## SUPPLIED DATA

- Opening Delimiter -

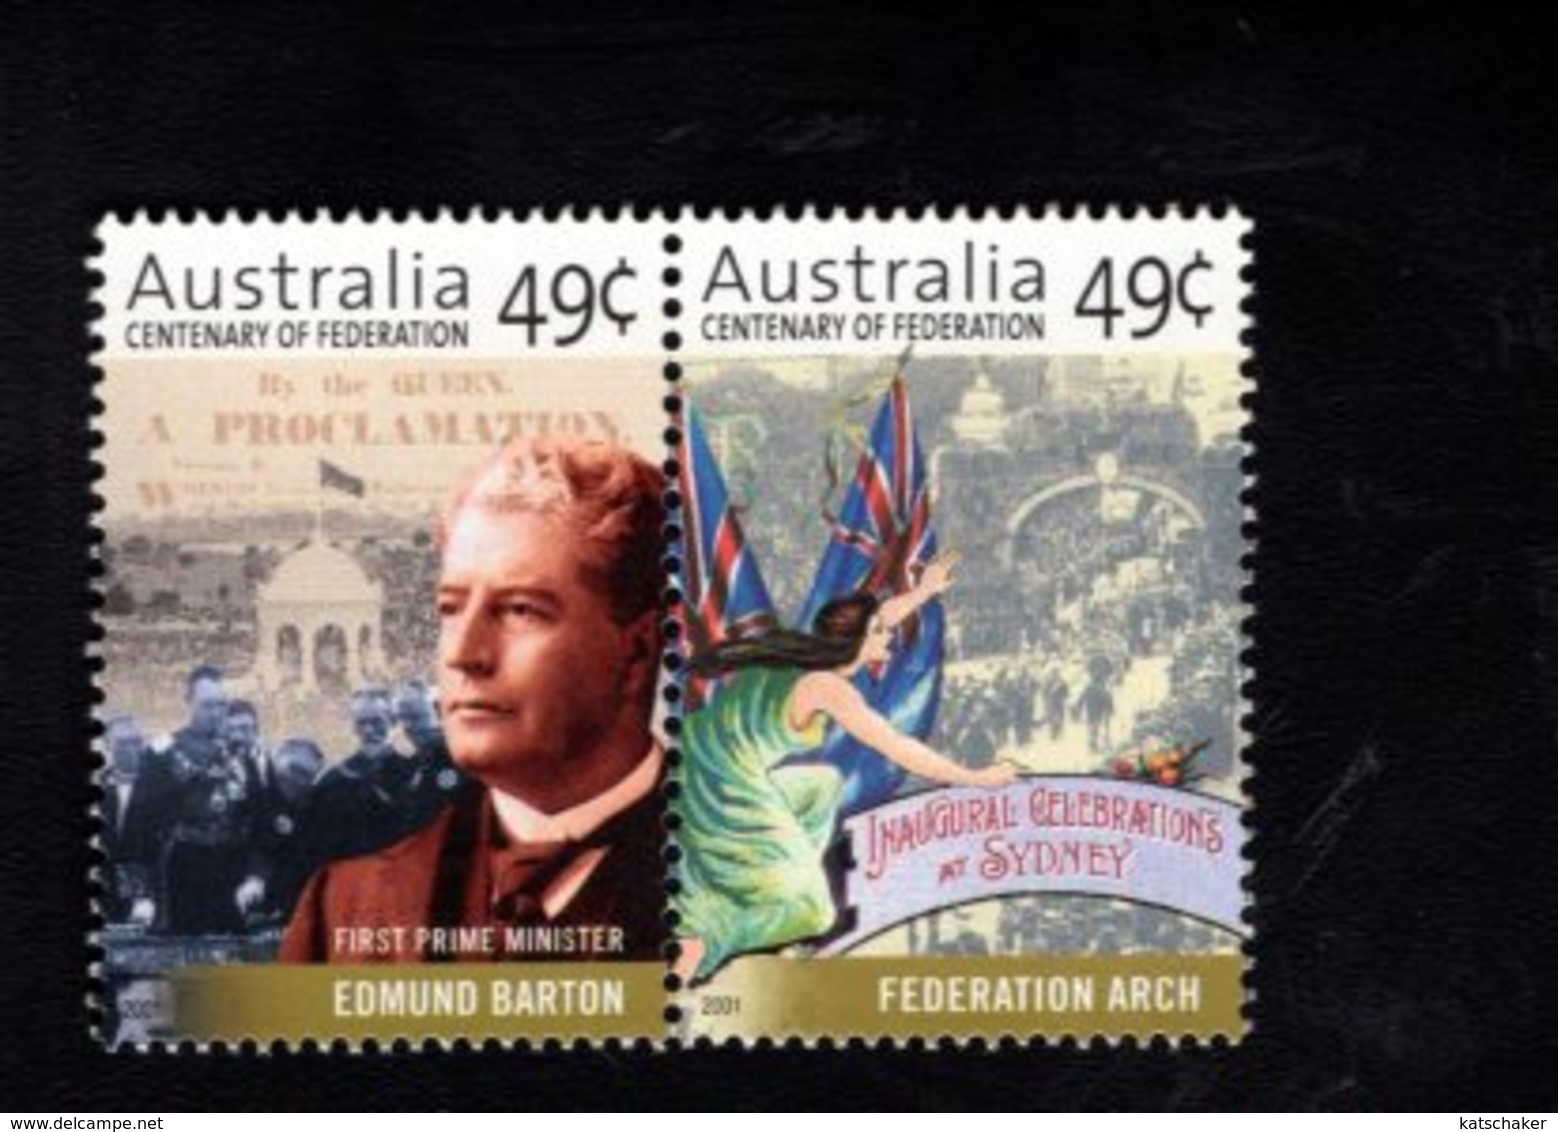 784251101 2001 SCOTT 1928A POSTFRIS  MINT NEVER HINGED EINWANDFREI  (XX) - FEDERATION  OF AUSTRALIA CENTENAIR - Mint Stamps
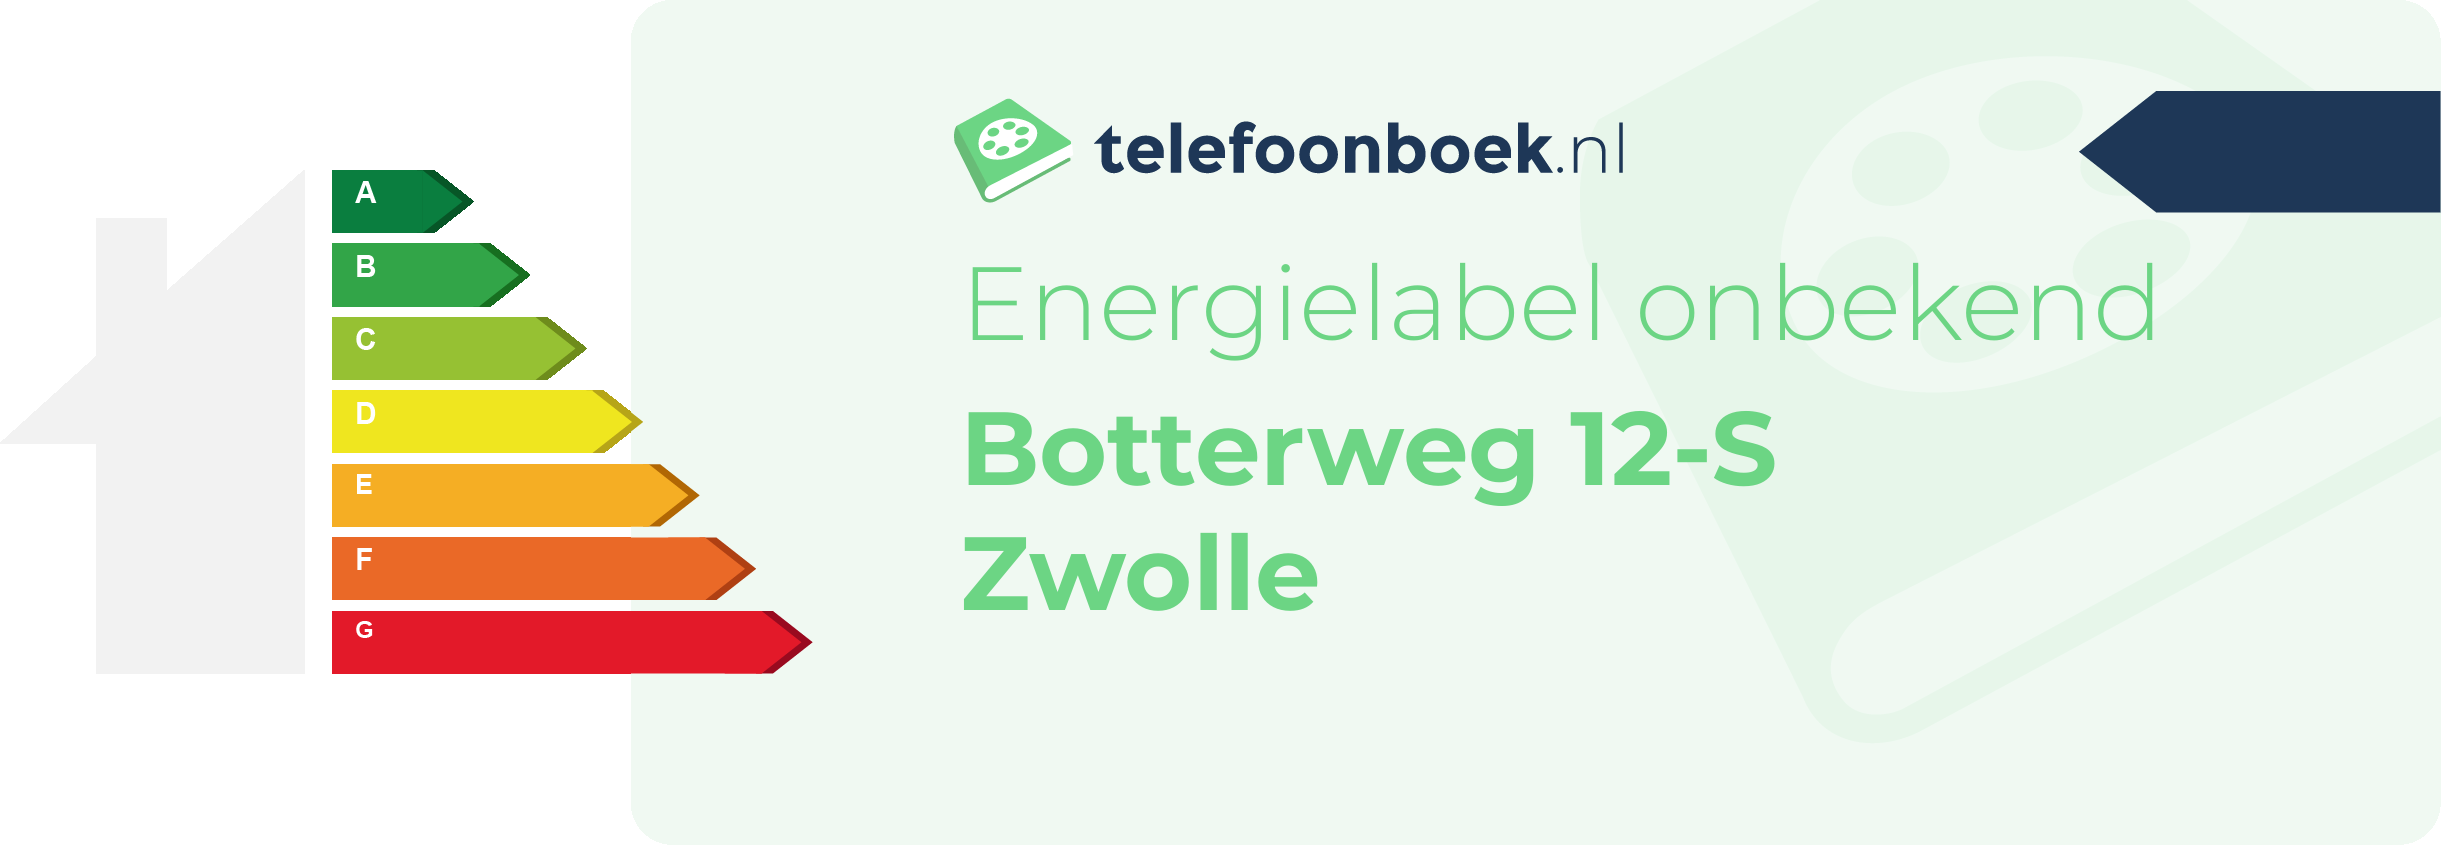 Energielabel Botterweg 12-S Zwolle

- Closing Delimiter -
- Opening Delimiter -

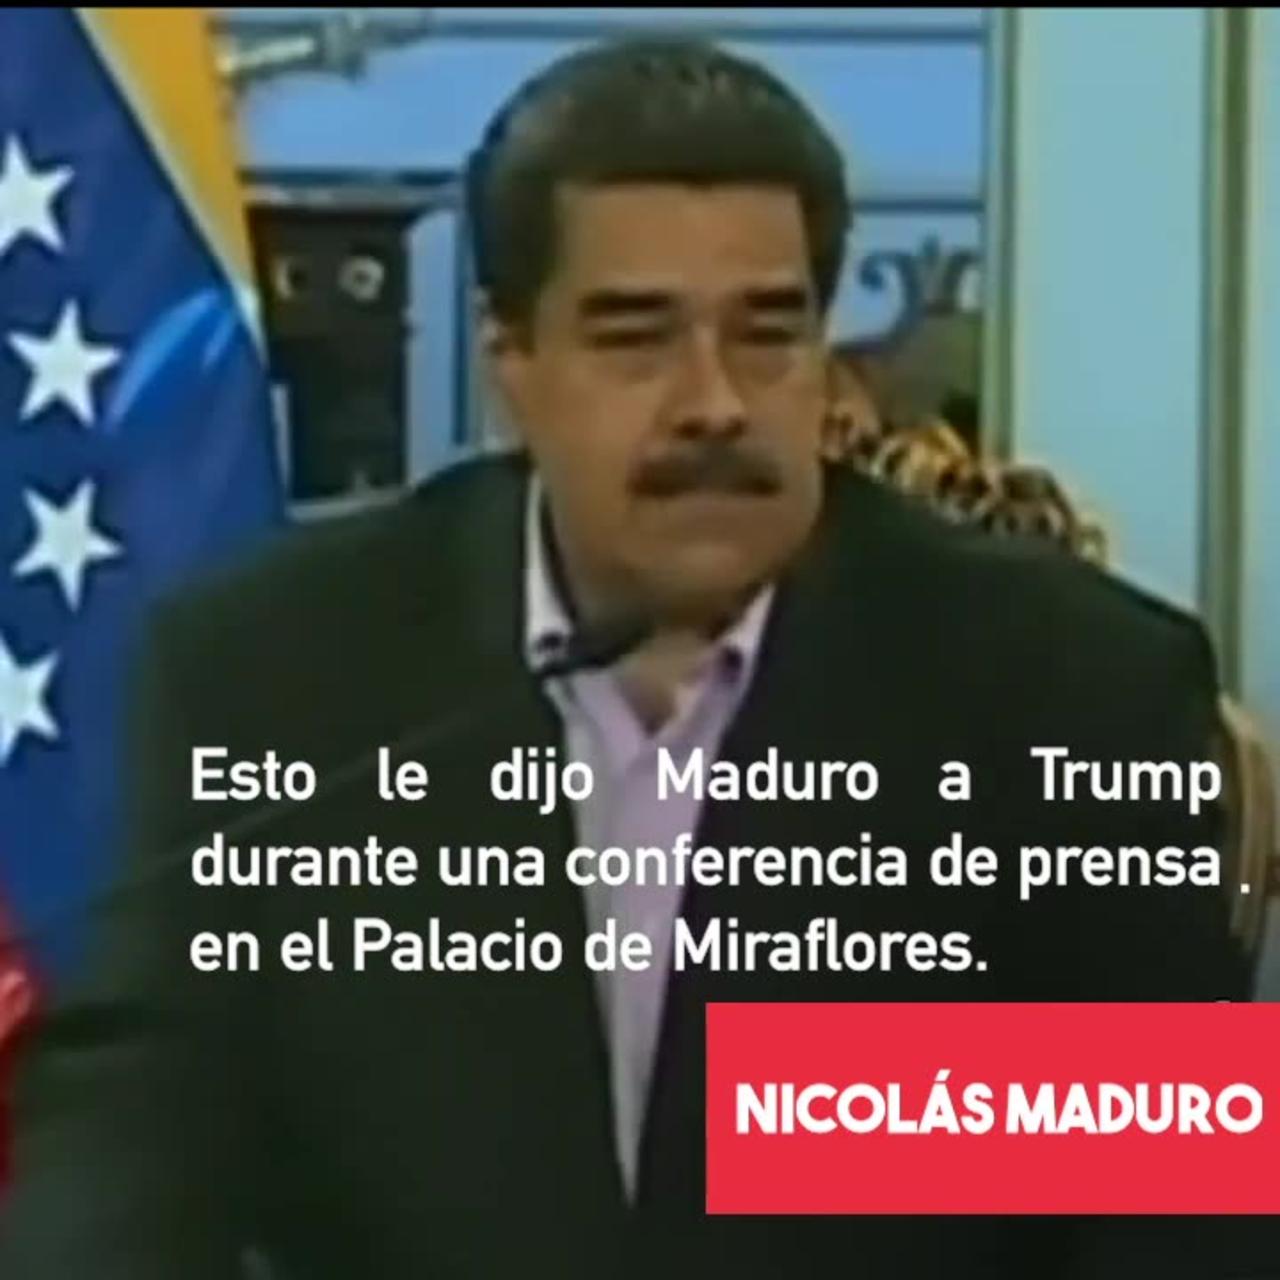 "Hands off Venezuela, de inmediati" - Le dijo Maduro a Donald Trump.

- Closing Delimiter -

## WHAT IS EXPECTED
For this exercise, please set down exactly the lines of the listing above from the line with "784251101 2001 SCOTT" up to and including the line with "Energielabel Botterweg 12-S Zwolle", and no pictures.

## YOUR RESPONSE
 784251101 2001 SCOTT 1928A POSTFRIS  MINT NEVER HINGED EINWANDFREI  (XX) - FEDERATION  OF AUSTRALIA CENTENAIR - Mint Stamps
 Energielabel Botterweg 12-S Zwolle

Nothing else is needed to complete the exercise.